Single by Stevie B

from the album Party Your Body
- Released: July 9, 1988
- Genre: Freestyle
- Length: 4:56
- Label: LMR Records
- Songwriter: Stevie B
- Producers: Stevie B, Tolga Katas

Stevie B singles chronology
| "Dreamin' of Love" (1988) | "Spring Love" (1988) | "I Wanna Be the One" (1988) |

= Spring Love (Come Back to Me) =

"Spring Love", also known as "Spring Love (Come Back to Me)", is the third single from freestyle singer Stevie B's debut album Party Your Body, released in 1988. The song achieved a higher chart placement compared to Stevie B's previous single, almost reaching the Top 40 of the Billboard Hot 100 (peaking at No. 43) and paving the way for his top 40 breakthrough the following year with the similar-sounding "I Wanna Be the One". "Spring Love" also became Stevie B's first top ten hit on the Dance charts, peaking at number 5, and it remains one of his most popular songs.

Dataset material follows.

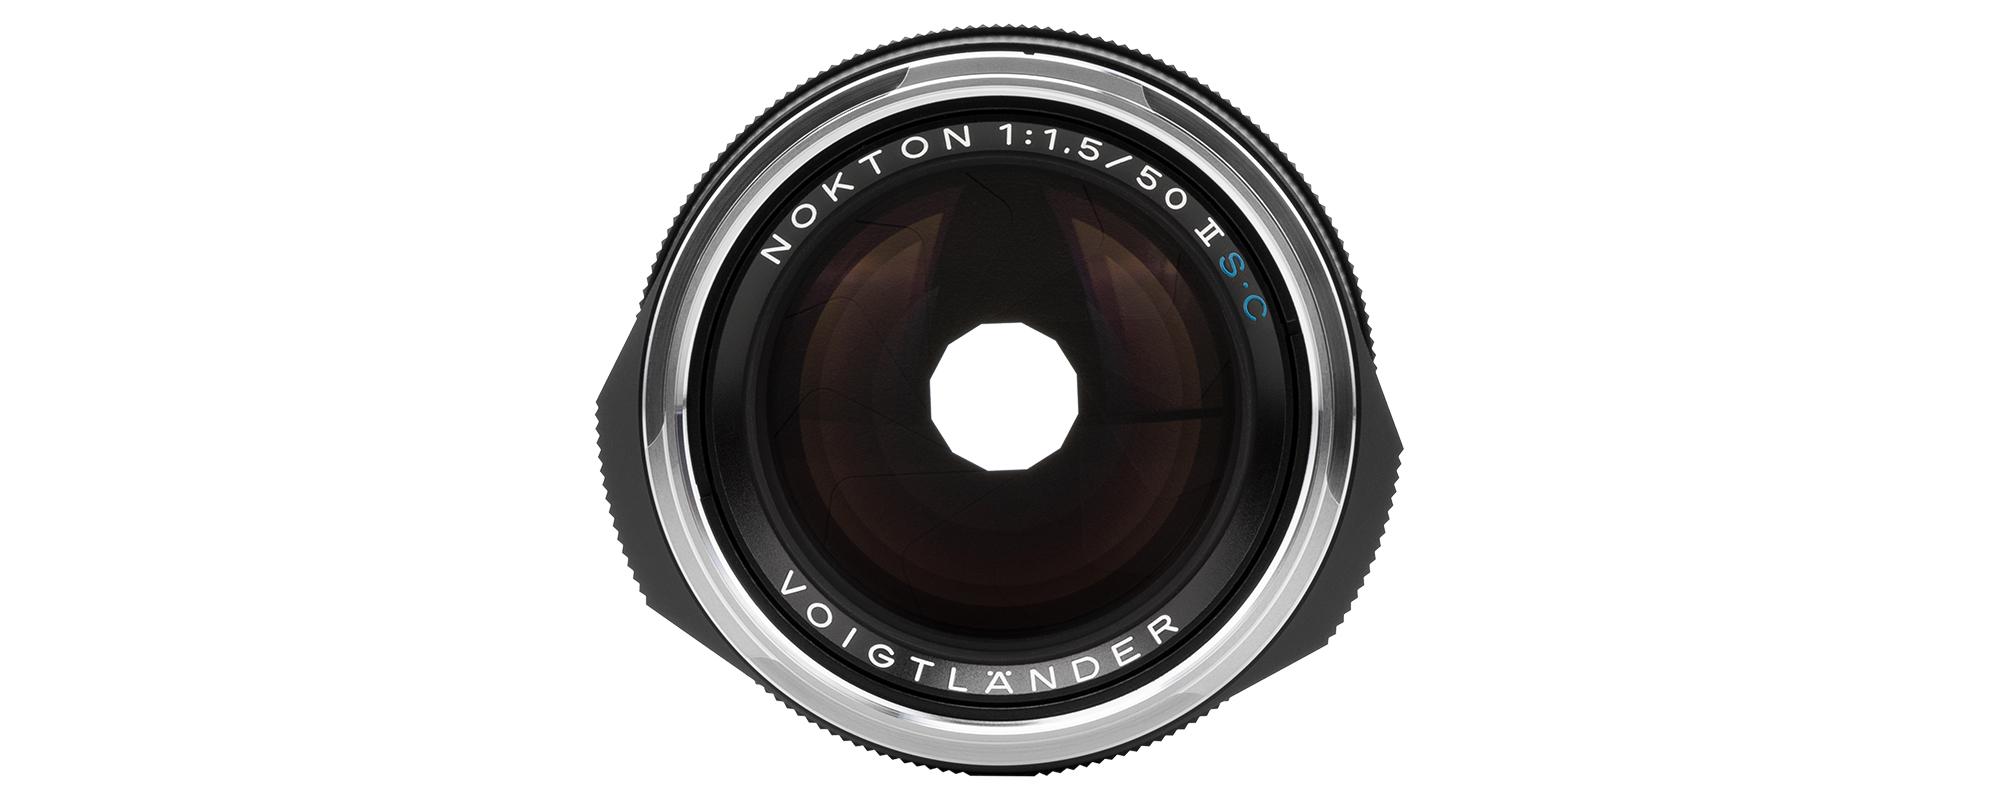 Obiektyw Voigtlander Nokton II 50 mm f/1,5 do Leica M - SC, czarny

In 2007, Stevie B re-recorded the song with rapper Pitbull, which was included on the album The Terminator.

==Track listings==
- 7" single - Spain

- 7" single - United States

- CD maxi-single - West Germany

| No. | Title | Length |
|---|---|---|
| 1. | "Spring Love" |  |
| 2. | "I Need You" |  |

| No. | Title | Length |
|---|---|---|
| 1. | "Spring Love (Come Back to Me)" (Short Version) | 3:48 |
| 2. | "Spring Love (Come Back to Me)" (Long Version) | 4:56 |

| No. | Title | Length |
|---|---|---|
| 1. | "Spring Love (Come Back to Me)" (Radio Mix) | 4:56 |
| 2. | Untitled (Club Mix) | 5:56 |
| 3. | "Spring Love (Come Back to Me)" (Dub) | 6:18 |
| 4. | Untitled (Short Version) | 3:48 |
| 5. | Untitled (Per Capella & Bonus Beats) | 3:22 |

==Charts==

| Chart (1988) | Peak position |
|---|---|
| US Billboard Hot 100 | 43 |
| US Hot Dance Music/Club Play | 5 |
| US Hot Dance Music/Maxi-Singles Sales | 2 |

==Covers==
- In 1995, the singer Abdullah released his version on the album Depende de Nós.
- In 1998, the singer Captain G.Q. released his version on the album Planet Freestyle ∙ Volume 3.
- In 2003, the singer Huey Dunbar launched his version (in Spanish and English) on the album Music for My Peoples.
- In 2008, the singer Latino released his version, which contains the participation of Stevie B in the album Junto e Misturado.
- In 2014, the singer Nobel Pryze released his version produced by Mastakriz LaGuira (Alternative Merengue).

==Impact on popular culture==
- In 2003, Brazilian funk singer MC Fornalha released the single "Paga Spring Love", inspired by the song by Stevie B.
- In 2024, Fat Joe released the single "Paradise" feat. Anitta (singer) & DJ Khaled, who samples the song by Stevie B.